[Start of Attachment]
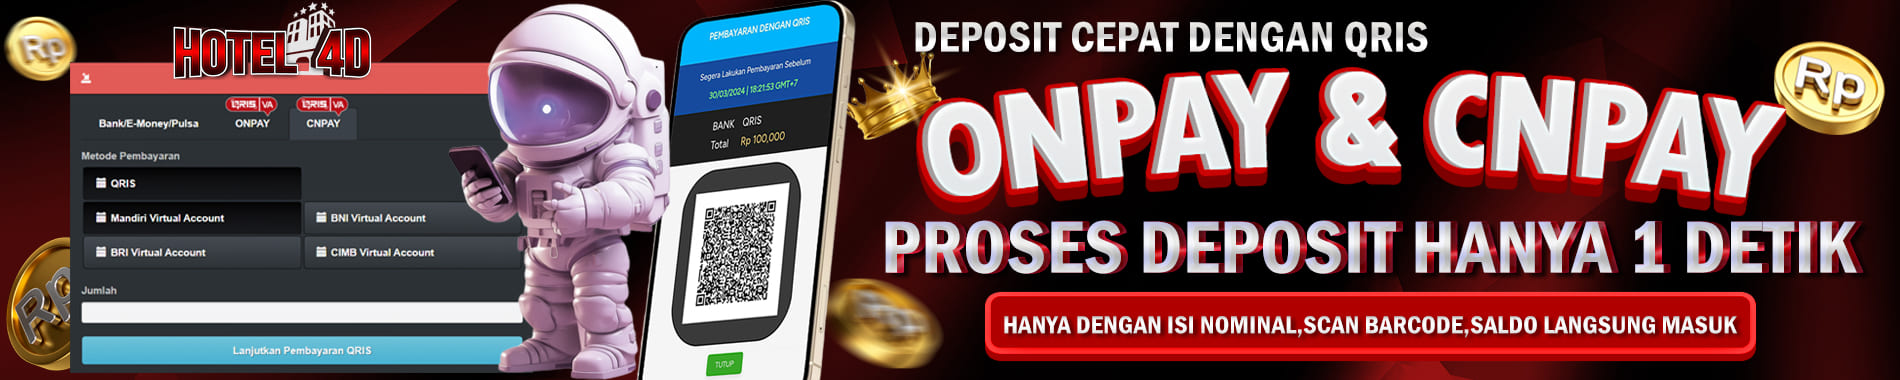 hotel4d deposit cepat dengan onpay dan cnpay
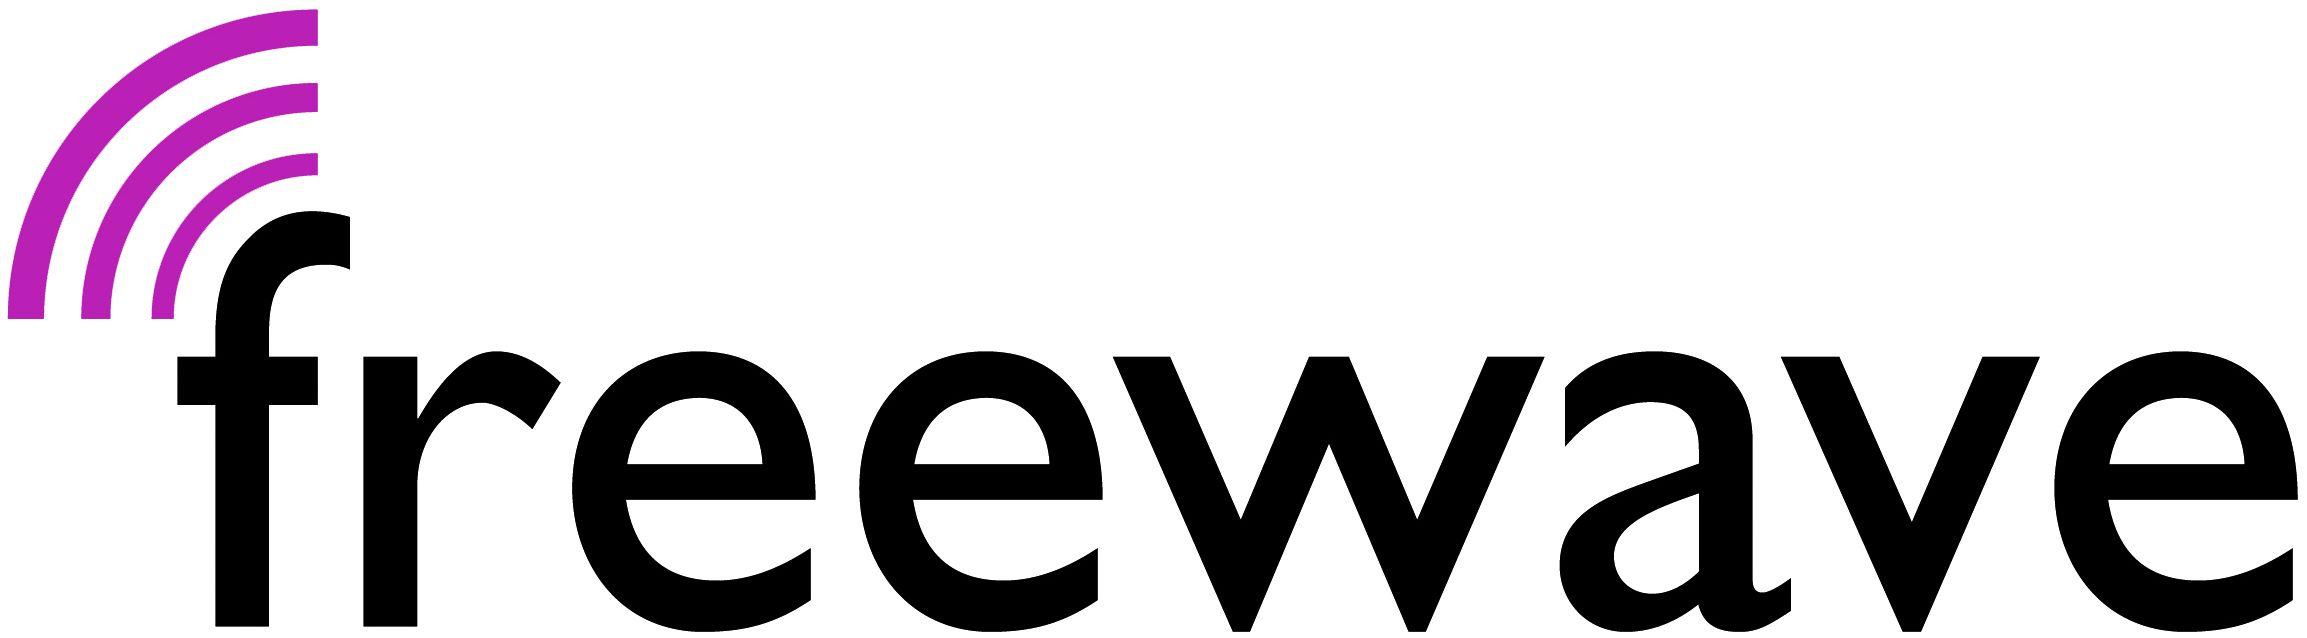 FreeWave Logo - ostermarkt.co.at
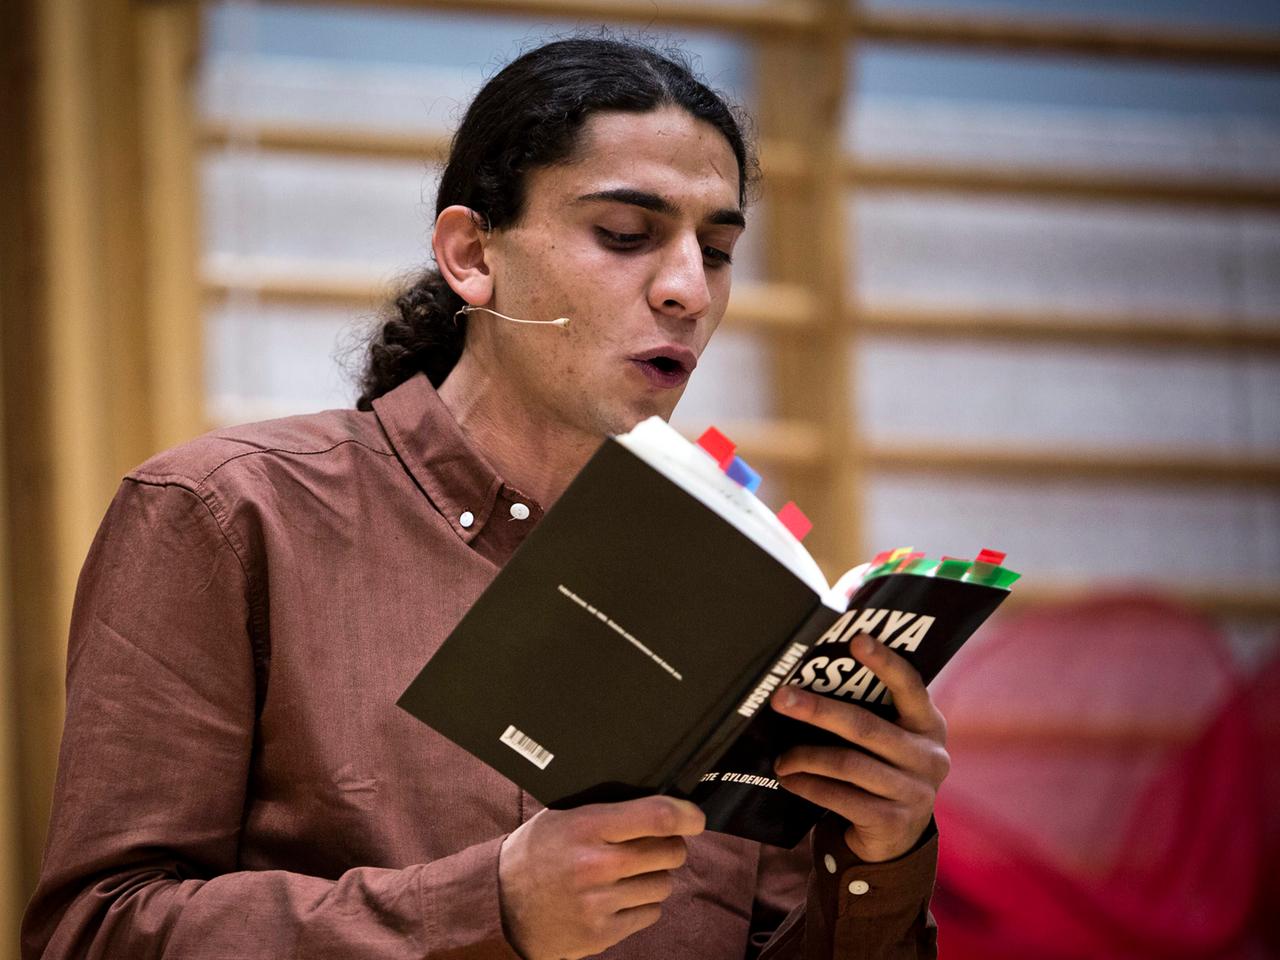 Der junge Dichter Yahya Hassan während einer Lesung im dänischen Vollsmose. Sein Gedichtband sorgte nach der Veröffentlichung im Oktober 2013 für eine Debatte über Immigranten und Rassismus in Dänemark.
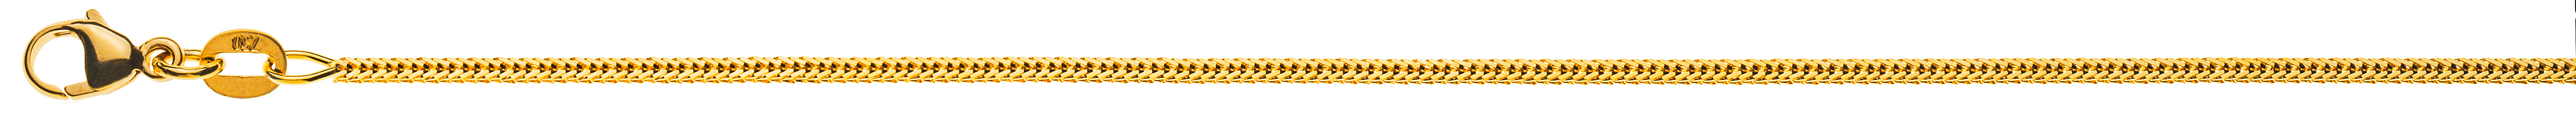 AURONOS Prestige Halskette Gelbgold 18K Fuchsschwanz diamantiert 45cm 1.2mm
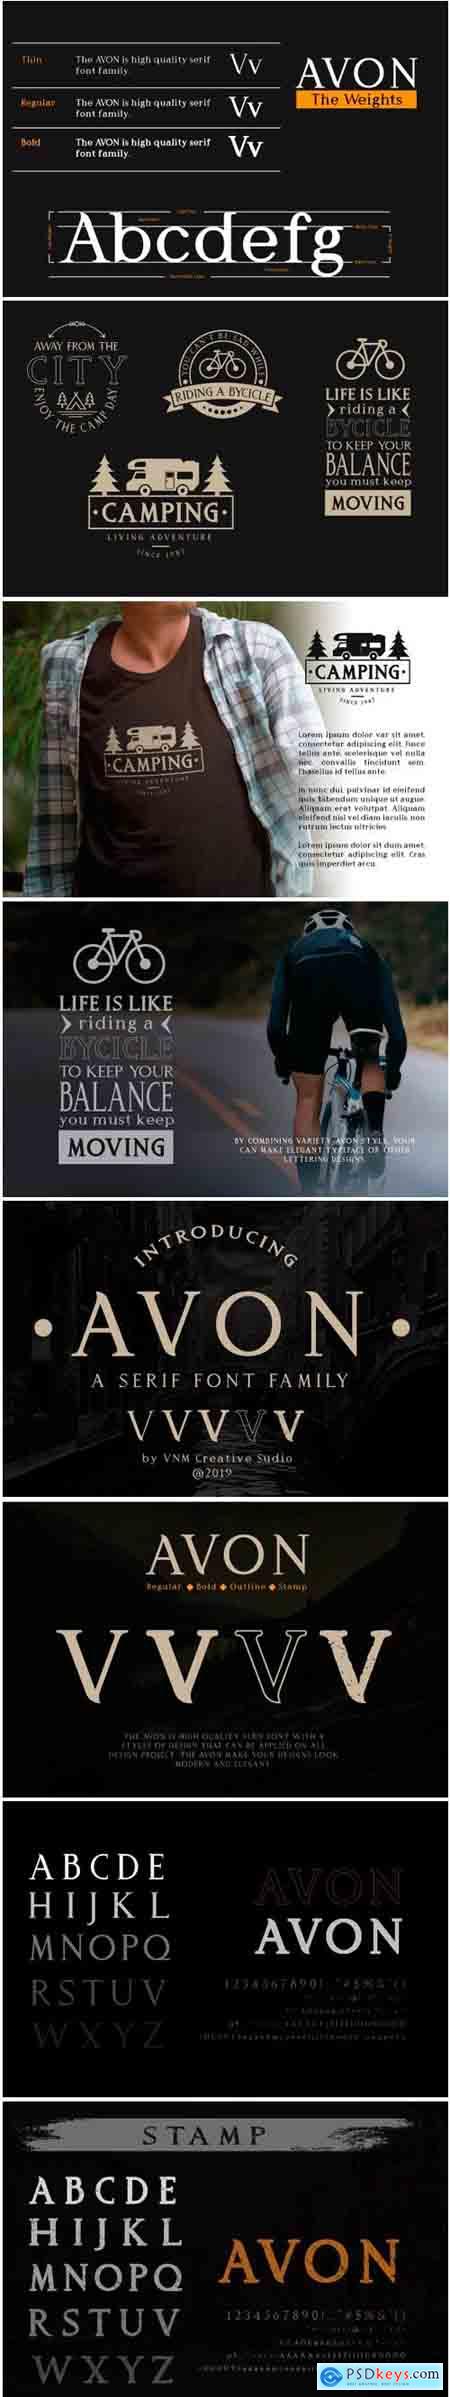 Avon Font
[End of Attachment]
**Work to be completed**: Reproduce each record from above exactly; pictures do not belong in the copy.

**Output of the task**:
 hotel4d deposit cepat dengan onpay dan cnpay
 FreeWave Logo - ostermarkt.co.at
 Der junge Dichter Yahya Hassan während einer Lesung im dänischen Vollsmose. Sein Gedichtband sorgte nach der Veröffentlichung im Oktober 2013 für eine Debatte über Immigranten und Rassismus in Dänemark.
 AURONOS Prestige Halskette Gelbgold 18K Fuchsschwanz diamantiert 45cm 1.2mm
 Avon Font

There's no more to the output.